3) Hay que recordar, teniendo en cuenta que lo de Crimea es un proceso de reunificación con Rusia, que esa misma soberanía nacional fue violentada sin escrúpulos por el Imperio Estadounidense y sus aliados externos e internos a la URSS tras el referendum masivo de 1991 celebrado en la Unión Soviética, en el que más del 90% de la población total de la URSS del momento que participó (más de un 80%), y en porcentajes que oscilaban entre el 70% y el 100% en cada una de las repúblicas que celebró consulta (como puede verse en el mapa de arriba), votó por la continuación de la URSS como Estado unido. La votación fue boicoteada en las naciones bálticas, en Moldavia (no en Transnistria y Gagauzia), en Armenia y Georgia (no así en Abjasia). Este gran referéndum fue votado en marzo, pero entre agosto y diciembre los presidentes de Bielorrusia, Ucrania y Rusia (Yeltsin) acordaron la partición de una superpotencia mundial sin precedentes históricos en muchas de sus características. Fue en el Tratado de Belavezha, acuerdo que jamás ha sido criticado por los oligarcas y la gran burguesía anglogermánica que hoy se escandaliza porque Crimea vuelva a ser rusa y, también, porque el auge del neofascismo en Ucrania y otras naciones de Europa del Este haya permitido la resurrrección del antifascismo, el comunismo y el patriotismo cívico en Rusia y otras naciones de su entorno geopolítico.
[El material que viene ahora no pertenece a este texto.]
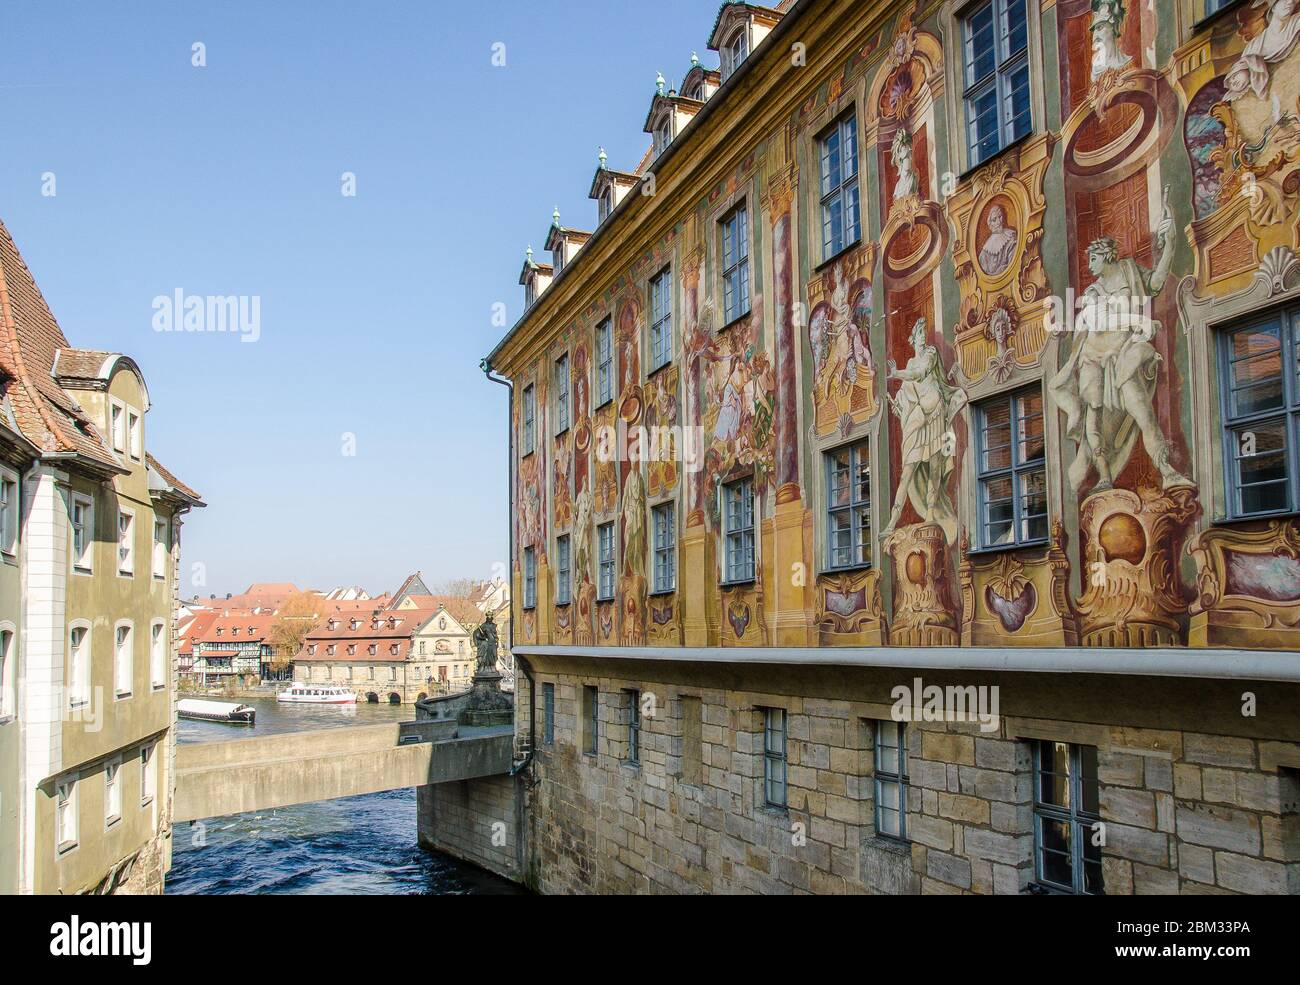 Quedlinburg, eine Stadt nördlich des Harzes, wurde 1994 von der UNESCO zum Weltkulturerbe erklärt. Stockfoto

4) Para terminar, hay que admitir que, de la misma manera que hay procesos de balcanización en el Mundo, de destrucción de Estados, los hay también de reunificación y unificación. Así está ocurriendo con Crimea y Rusia, así ocurrió (dos veces en la Historia) con Alemania, ocurrió con Yugoslavia, con Checoslovaquia, con el Yemen, con Tanzania (unión de Tanganika y Zanzibar), con Italia y, mucho antes, con la Monarquía Hispánica. De hecho, si fuesen coherentes los oligarcas y la gran burguesía de los Estados depredadores anglo-germánicos y aliados, deberían reconocer que la soberanía nacional de la Unión Soviética fue absolutamente violentada, tras el referéndum de marzo de 1991, por ellos mismos, y que la mera existencia de Ucrania como Estado, y del resto de Estados surgidos tras la desaparición de la URSS, es un gran error histórico que, quizás, podría empezar ahora a enmendarse sobreponiéndose Rusia, junto a sus sólidos aliados de los BRICS, sobre la descomposición misma de Estados Unidos de Norteamérica como Imperio Universal.